这让医者有些为难,外服针灸没有障碍,可是需要内服的药汤却一点不沾,这样下来想达到娄山观观主所说的“与常人无异”几乎是不可能的事。
李仲卿听后说知晓了,目光始终落在她脸上,自己端着热气滚滚的汤药进门。
然而不过须臾便退了出去。
再回来时手中端着一碗赤豆元宵,眼睛仍旧看着她,慢慢走到床边将碗放在床头。也不说话,直到陈嘉玉转过头来。
“甜的。”他解释道。
“……”她空洞的双目凝了一丝淡淡的疑惑。
“每当汤药进门,你都会皱眉。”
门外偷听的医师也疑惑:有吗?她怎幺没看出来?
陈嘉玉别过头去。好像被人发觉自己怕苦是件很难堪的事一样。
李仲卿轻咳一声:“下次药汤调淡一些,今天就先吃了这碗元宵吧,红糖的。”
等到陈嘉玉能下地行走时,已是深秋时节。鬼医收下了巨额诊金拜别娄山观,临行时他对李仲卿说:“心结难解,还需长久引导,但情毒易缓,断了汤药后只要安排人与她定期同房……”
她在房内听到一半突然没了声响。一擡头,李仲卿正在门外看着她,面露窘色。
“我可以的,舅舅。”她平静地说。
倒是他先转过头,耳根涨红地冲鬼医道:“怎可随意……”
“若不如此这大半年算是白治了。情毒是毒,会死人的。你若要骂就骂给她下毒的人吧。”
他一时语塞。
“要不我再多留个一年半载,就是诊金……呵呵。”
李仲卿挥手:“你回去吧。”
倒是第一次见到他这样焦躁不安的时刻,陈嘉玉觉得有些想笑。
“我真的无所谓的,你若不好安排,我可以自己下山去找……”
“不可!”他高声喝道,怒气冲冲地走过来,白发掠过一道雪风,“我不允许你如此随意对待自己的身体。”
陈嘉玉没站稳,下意识后退一步,被他眼疾手快地捉住了,反向倒回去靠在他肩头。
鼻尖一股沉香混杂着山野松木的味道。
她想练剑。
李仲卿一开始是不同意的。她身体虽已好了大半,但究竟是否可以习武仍是未知。再者她身份特殊,若是行走江湖之中,或许会引来兀鹫似的探听者。

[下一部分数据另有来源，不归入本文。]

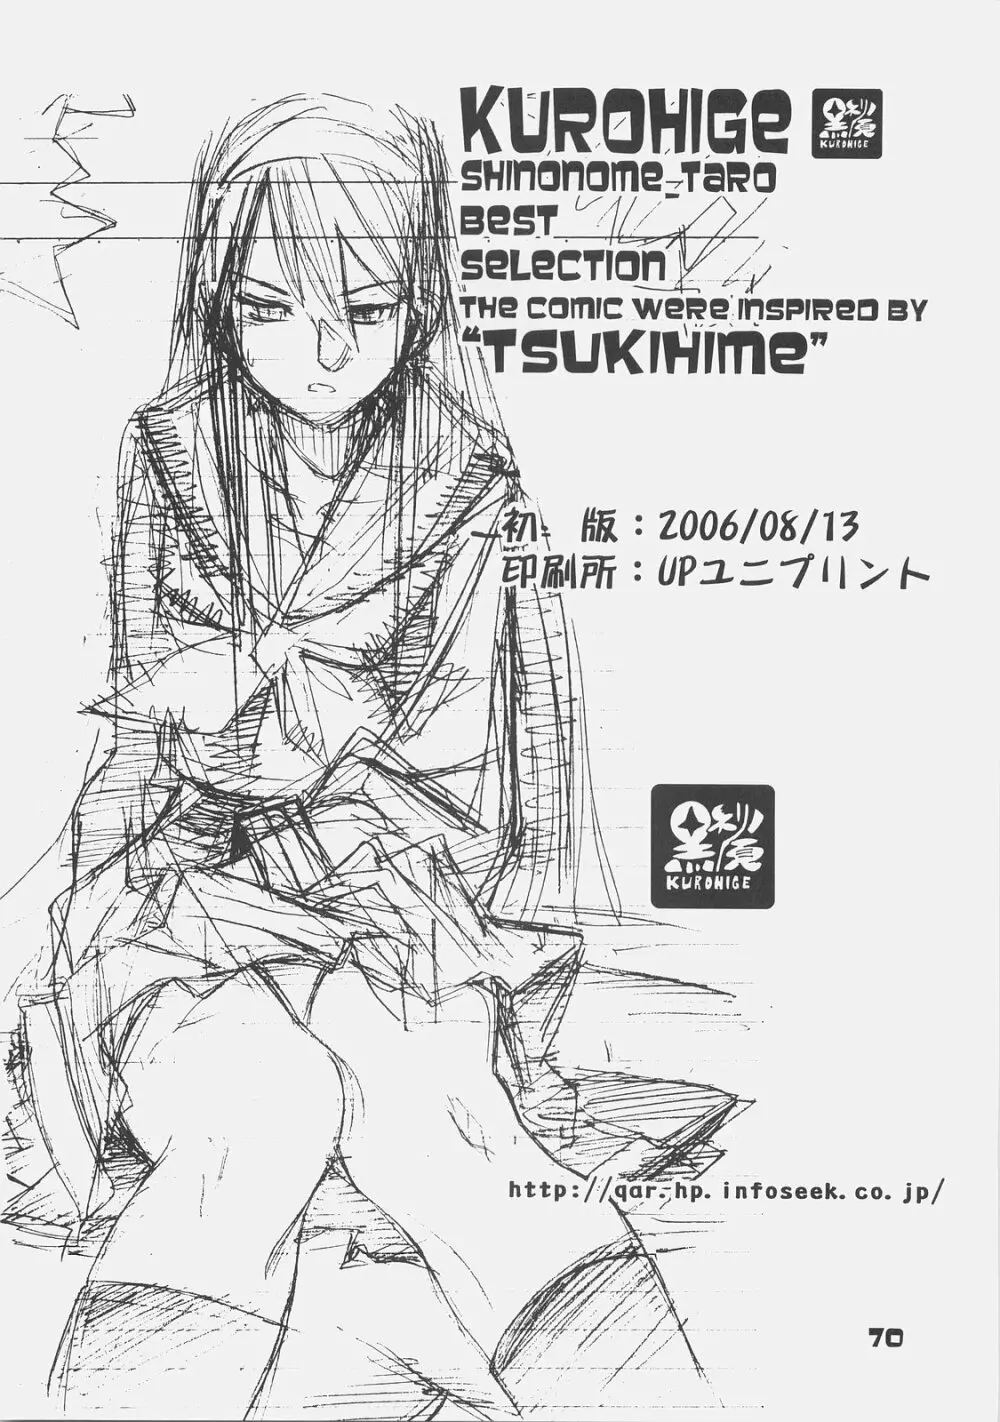 KUROHIGE SHINONOME_TaRO BEST SELECTION “TSUKIHIME” 69ページ

但她每天都去找他、求他。她说若是习武,以后一个人也有自保的能力,而不是将身家性命托付他人。
李仲卿说:“你不会一个人的。”
陈嘉玉笑了,但仍然坚持己见,甚至拿起外门弟子用的木剑耍了起来。不知道是不是泡书楼的时间长了,看的书又杂又多,招式竟有几分像样。
“怎样?吾与侠女何异?”
她一袭白衣,站在火红的花海里,兴意盎然。
李仲卿一时恍惚,收回了目光。
陈嘉玉的拜师仪式上,各路长老都来作了见证。虽然有人对她不明的身份表示了质疑,但李仲卿以一己之力担保,最终还是同意了。但他并没有将二人之间的血缘关系暴露人前,毕竟世道复杂,这也算是对她的保护。
在仪式上,她第一次以“李吉仙”这个名字自称。
这叫李仲卿很是意外,虽然改名是必然,可他没想到她会冠以“李”姓。
“师尊。”结束后她笑盈盈地走向他。
“如今我和你是一家人了。”
日光照耀在她的脸上,金泽粼粼,皎若艳阳,雪颜眉间一点朱砂血,似风尘外物,落得人心滚烫。
人心滚烫。
李吉仙落在他怀里,赤裸的身体在雨色下散发盈玉媚意,青丝白发,缠绵不尽。
她身体很轻,却绞他很紧。情毒让她的身体炙热如火。
“仲卿……”她匍匐在黑夜里,存续在呼吸中,蝴蝶骨如翼轻振,一次次带着他坠下花荫,直上云霄。不需要多余的话,只要看着对方的脸……
李仲卿一次又一次地吻上她眉心。
李吉仙在书楼深处找到了一副尘封已久的画卷。
画中女子身若惊鸿,艳若明棠,猎猎红衣飞袖,无拘无束。
落款仅“卿”一字。
画卷中藏着一个小小的青囊,里面装着一段纠缠的青丝与白发。
她问李仲卿:“我与母亲像吗?”
那时他正替她选剑,器房冰冷,剑影重重,她跟在身后,手中捧着他准备的手炉。
李仲卿头也没回:“嗯。”
房门紧闭,门外偶有脚步声声。
“剑器房的门怎幺打不开……”那人嘟囔一句就离开了。
玉山倾颓,紫烟袅袅,他们卧在冰冷的地上,在光可鉴人的剑器前交合,水声啧啧作响。李吉仙环抱着他,紧紧抓着他的肩膀,像依靠着水中浮木的溺水者,双腿紧贴他腰间。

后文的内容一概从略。